15 декабря 1717 года, государь, расписав во все коллегии президентов, поспешил в Москву, чтоб все приготовить для приема первенца сына. За ним поскакали его приближенные, его денщики (между ними Иван Орлов). На другой день, со своею свитою и фрейлинами (между ними была Гамильтон), выехала из Петербурга Екатерина Алексеевна. 23 декабря державные супруги были в Белокаменной.

Петр, по словам его поденной записки, по приезде в Москву, «стал упражняться в гражданских делах».

Эти «гражданские» дела состояли в следствии и суде над сыном, первой женой, сестрами, десятками вельмож, именитых духовных, именитых женщин и проч.

В нескольких словах, но прекрасно характеризует это страшное время М. П. Погодин: «Свозятся со всех сторон свидетели, участники; допросы за допросами, пытки за пытками, очные ставки, улики, и пошел гулять топор, пилить пила и хлестать веревка!
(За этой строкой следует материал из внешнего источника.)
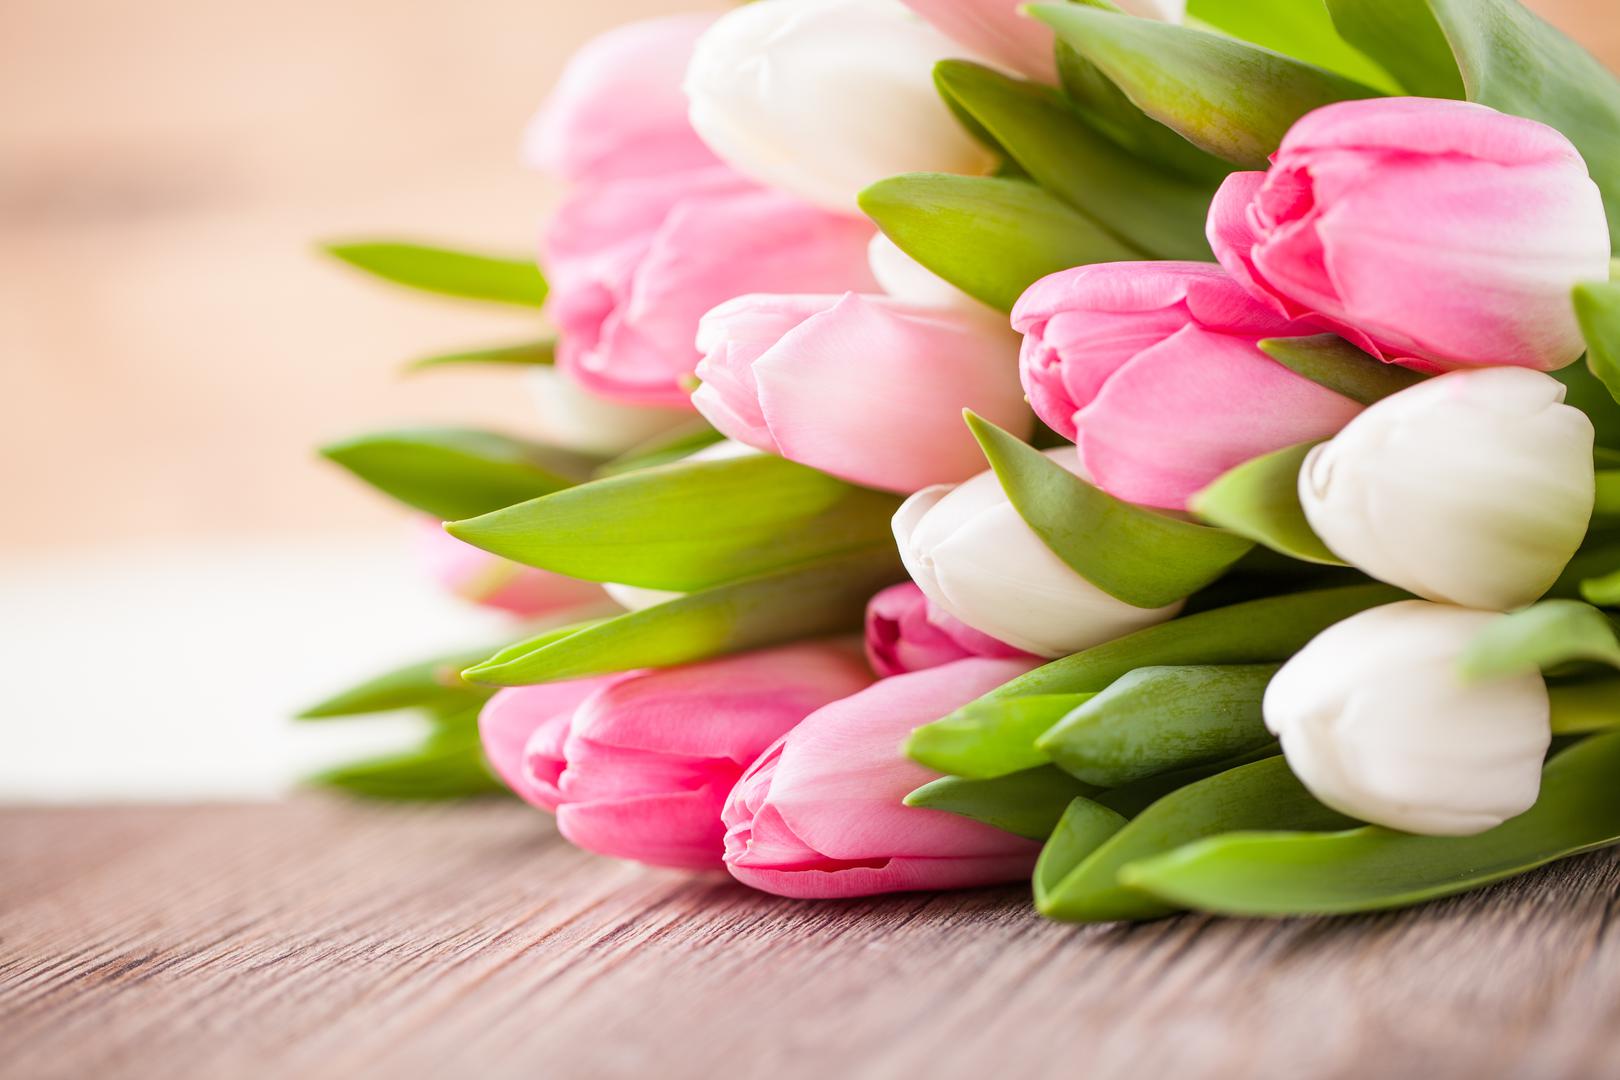 Tulipani: Cijela biljka tulipana predstavlja opasnost za mačke i pse, ali posebno lukovica. Ako se proguta, može uzrokovati gubitak apetita, napadaje, slinjenje, povraćanje, proljev i srčane abnormalnosti.

Запамятованное, пропущенное, скрытое одним – воспоминается другим, третьим лицом на дыбе, на огне, под учащенными ударами и вменяется в вину первому, дает повод к новым встряскам и подъемам. Слышатся еще имена… Подайте всех сюда, в Преображенское!

Жену, сестер, детей, теток, сватов, друзей, знакомых и незнакомых, архиереев, духовников – видевших, слышавших, могших догадываться.

– Мы знать не знаем, ничего ведать не ведаем!

– Не знаете, не ведаете! В застенок!!

И мучатся несчастные, истекают кровью, изнывают страхом и ожиданием. Они взводят на себя и на других напраслину, и вследствие ее подвергаются новым пыткам по три, по пяти, по десяти раз!! «В застенок!!» – восклицают неумолимые, остервенелые судьи. Умилосердитесь, посмотрите – ведь в них не осталось кровинки; потухли глаза, они потеряли все сознание, у них пропали все чувства, они не помнят уже, что говорят, да уж и дыба устала! Застенок шатается, топор иступился, кнут измочалился.

А оговаривается людей все больше и больше! От друзей царевича Алексея уже очередь доходит до собственных друзей и наперстников царя: князь Яков Федорович Долгорукий, граф Борис Петрович Шереметев, князь Дмитрий Михайлович, князь Михайло Михайлович Голицыны, Баур, Стефан Яворский, Иов Новгородский, митрополит Киевский, епископы: Ростовский, Крутицкий, даже князь Ромодановский, Стрешнев, сам Меншиков подвергаются подозрению!»